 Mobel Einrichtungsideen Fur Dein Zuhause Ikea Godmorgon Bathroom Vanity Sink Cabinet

§ §

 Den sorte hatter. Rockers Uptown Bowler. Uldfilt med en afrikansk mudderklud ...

§ §

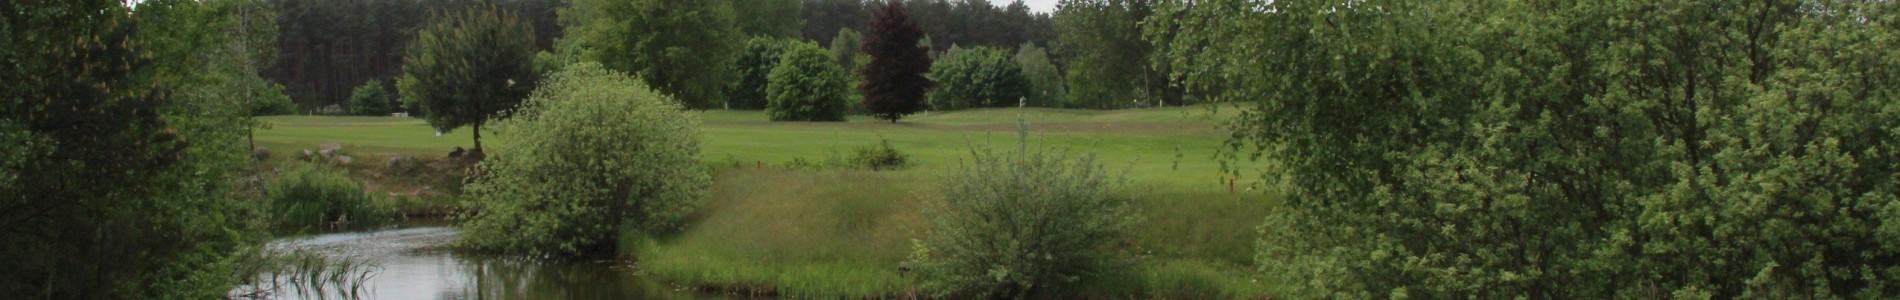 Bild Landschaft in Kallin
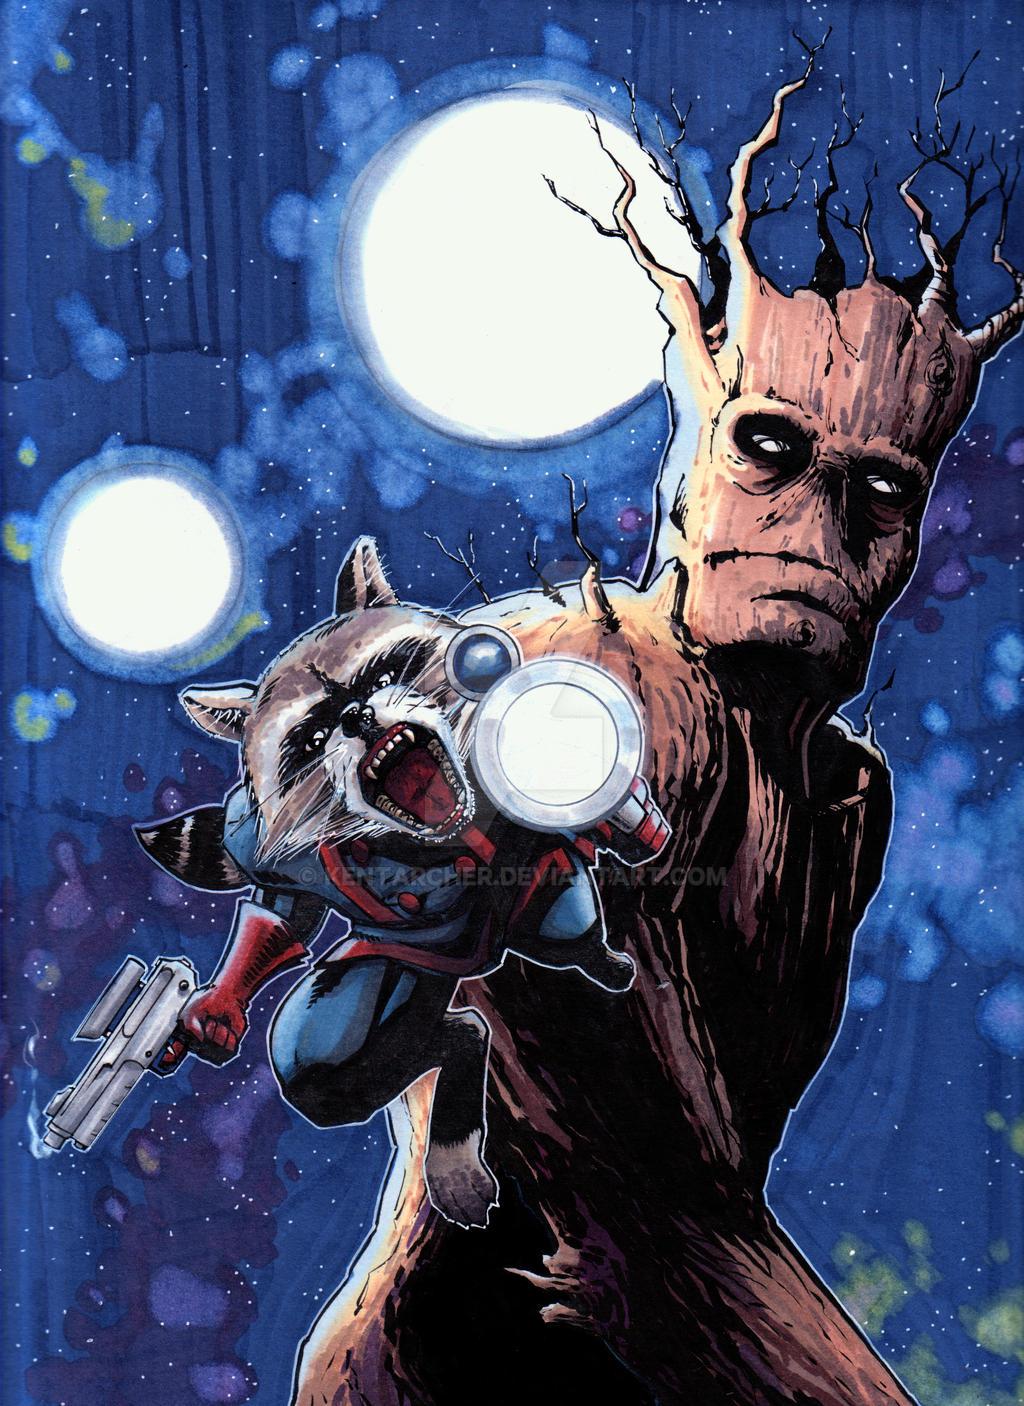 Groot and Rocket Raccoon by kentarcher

§ §

When you reach the line containing "Bild Landschaft in Kallin" in the entries above, begin restating word for word, and stop once the line containing "Groot and Rocket Raccoon by kentarcher" has been given. Omit the pictures.

### Solution to this problem
 Bild Landschaft in Kallin
 Groot and Rocket Raccoon by kentarcher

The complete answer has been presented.